Problem description
Pull out the lines from the one containing "The Grand Canal" through the final line of the listing below and repeat them exactly. Leave the pictures behind.

Information shown
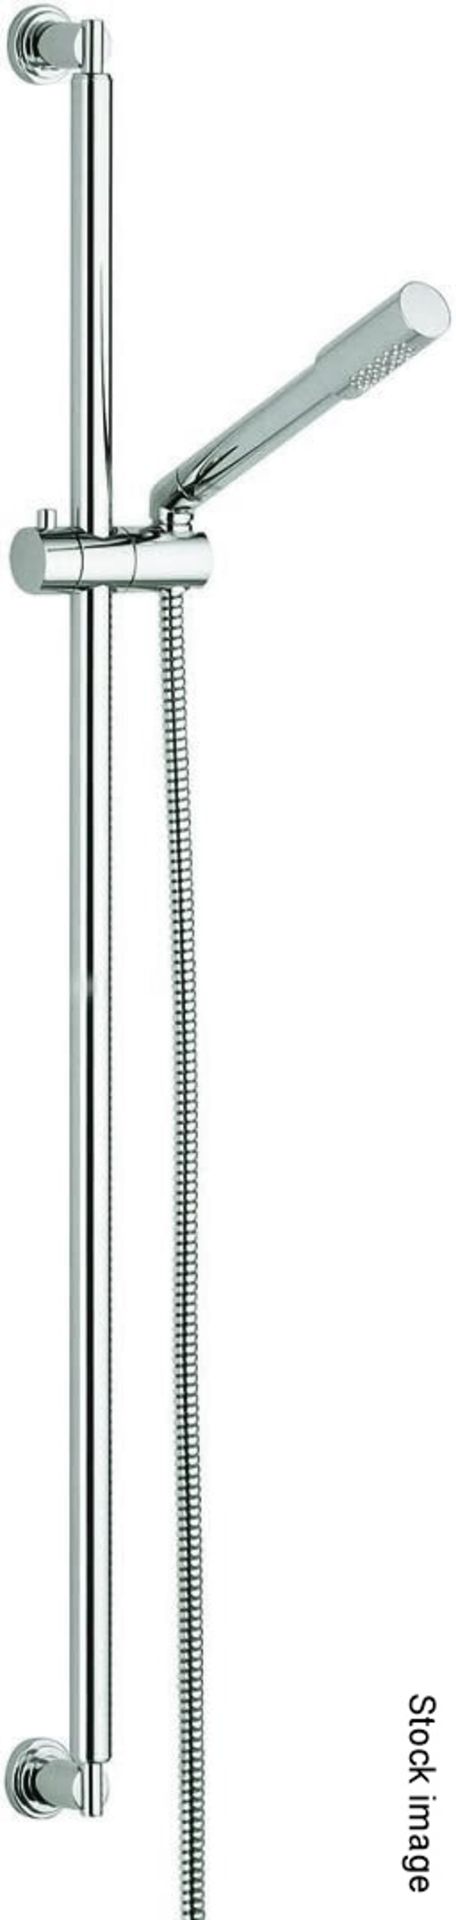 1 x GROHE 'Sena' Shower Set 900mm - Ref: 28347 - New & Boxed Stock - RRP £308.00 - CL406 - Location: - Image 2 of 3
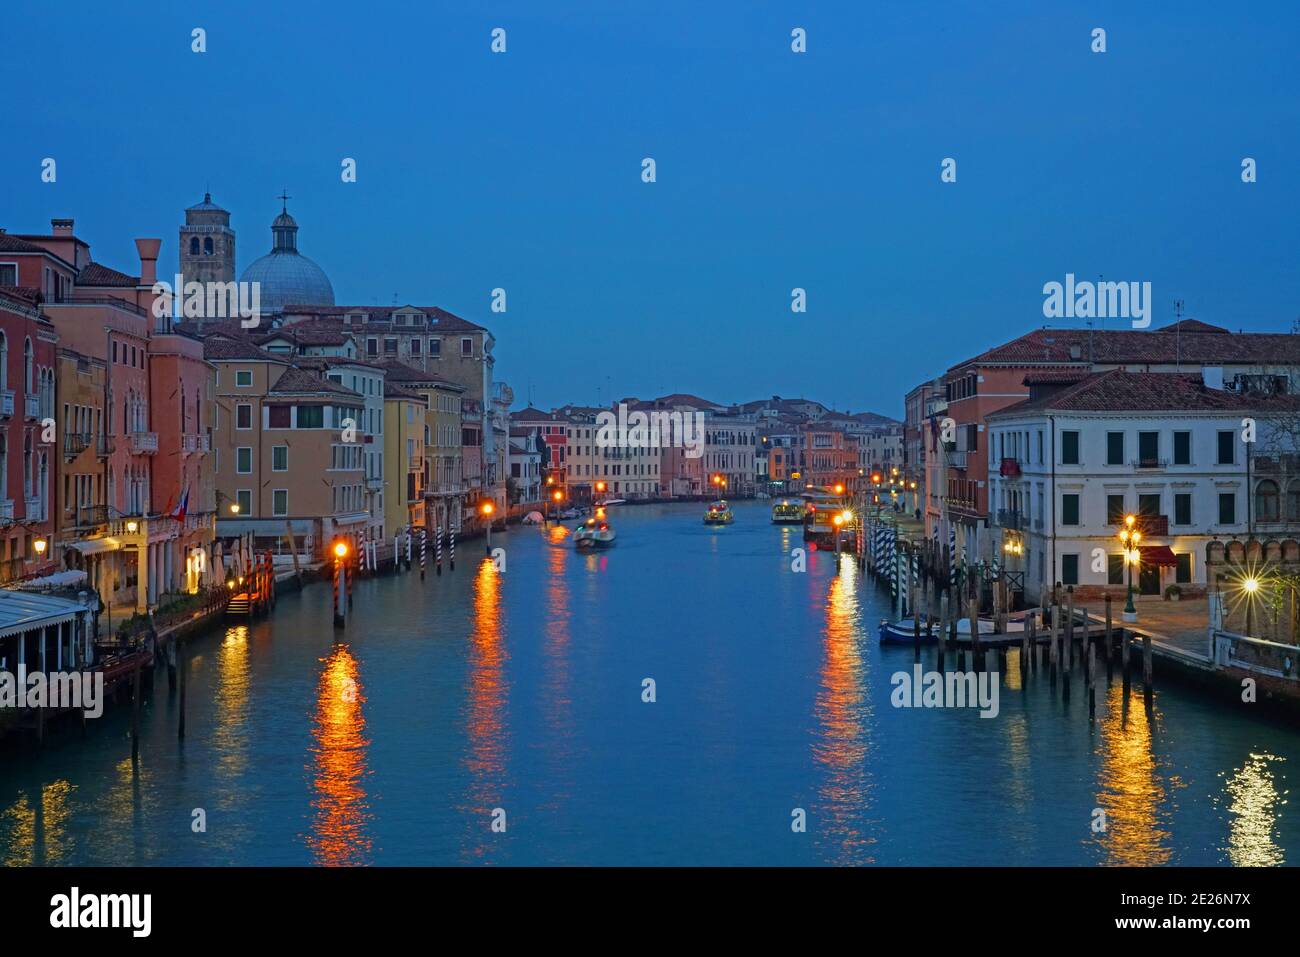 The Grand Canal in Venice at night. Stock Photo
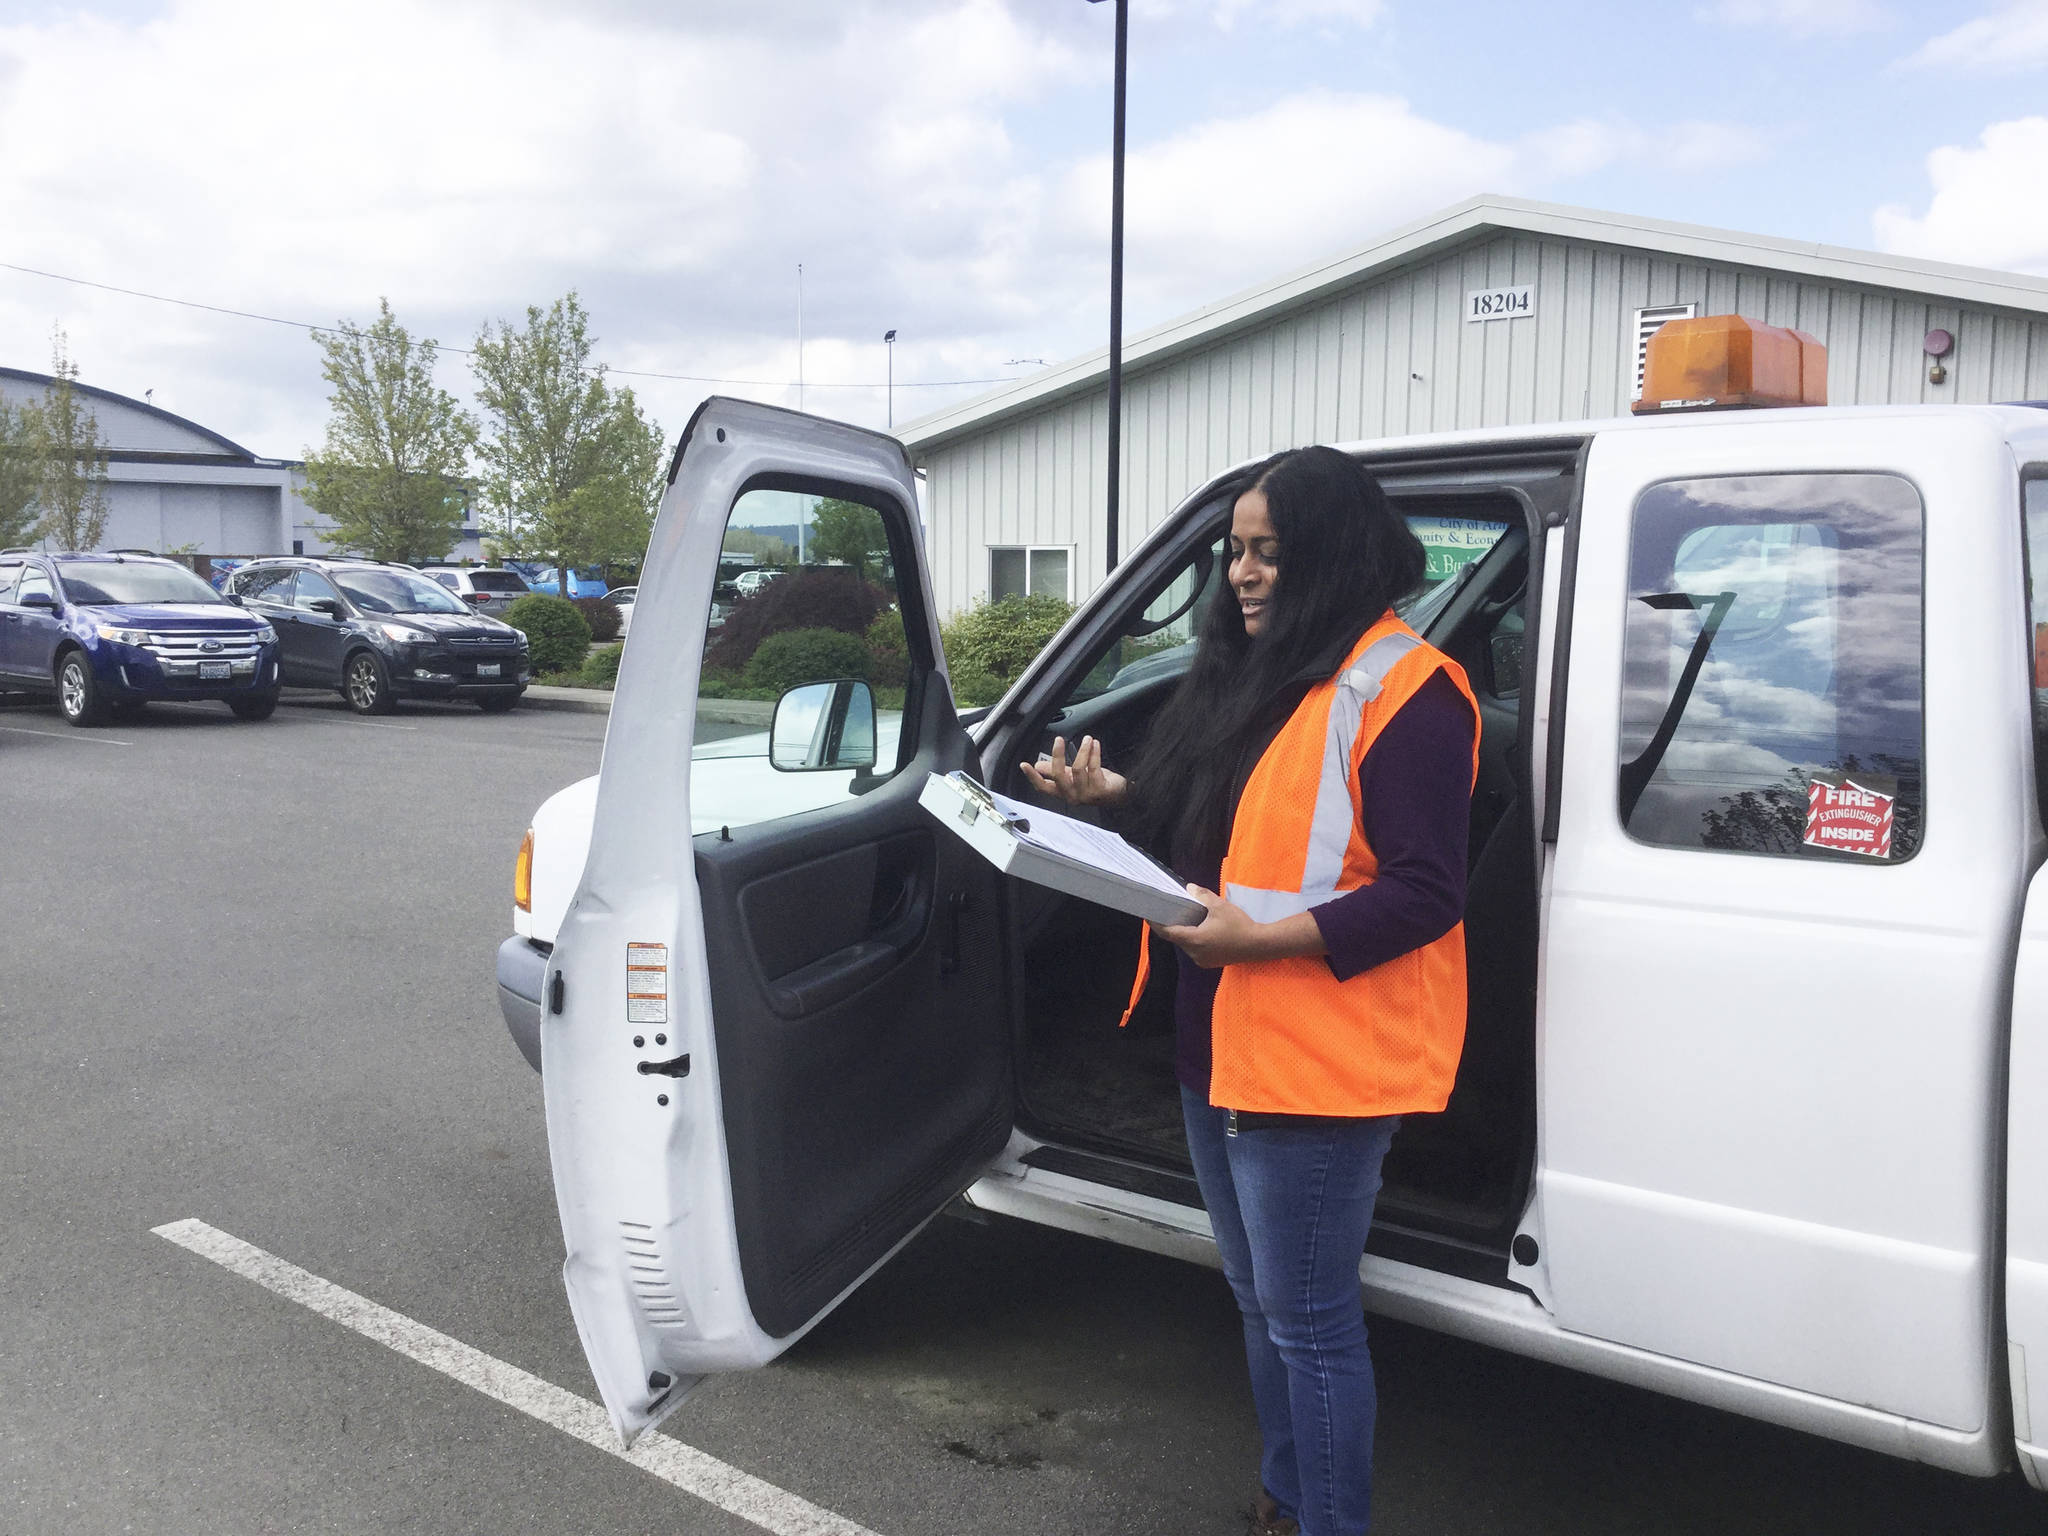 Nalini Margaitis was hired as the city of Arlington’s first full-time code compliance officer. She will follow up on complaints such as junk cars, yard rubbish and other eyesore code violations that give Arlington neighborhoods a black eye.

Solution
 The Grand Canal in Venice at night. Stock Photo
 Nalini Margaitis was hired as the city of Arlington’s first full-time code compliance officer. She will follow up on complaints such as junk cars, yard rubbish and other eyesore code violations that give Arlington neighborhoods a black eye.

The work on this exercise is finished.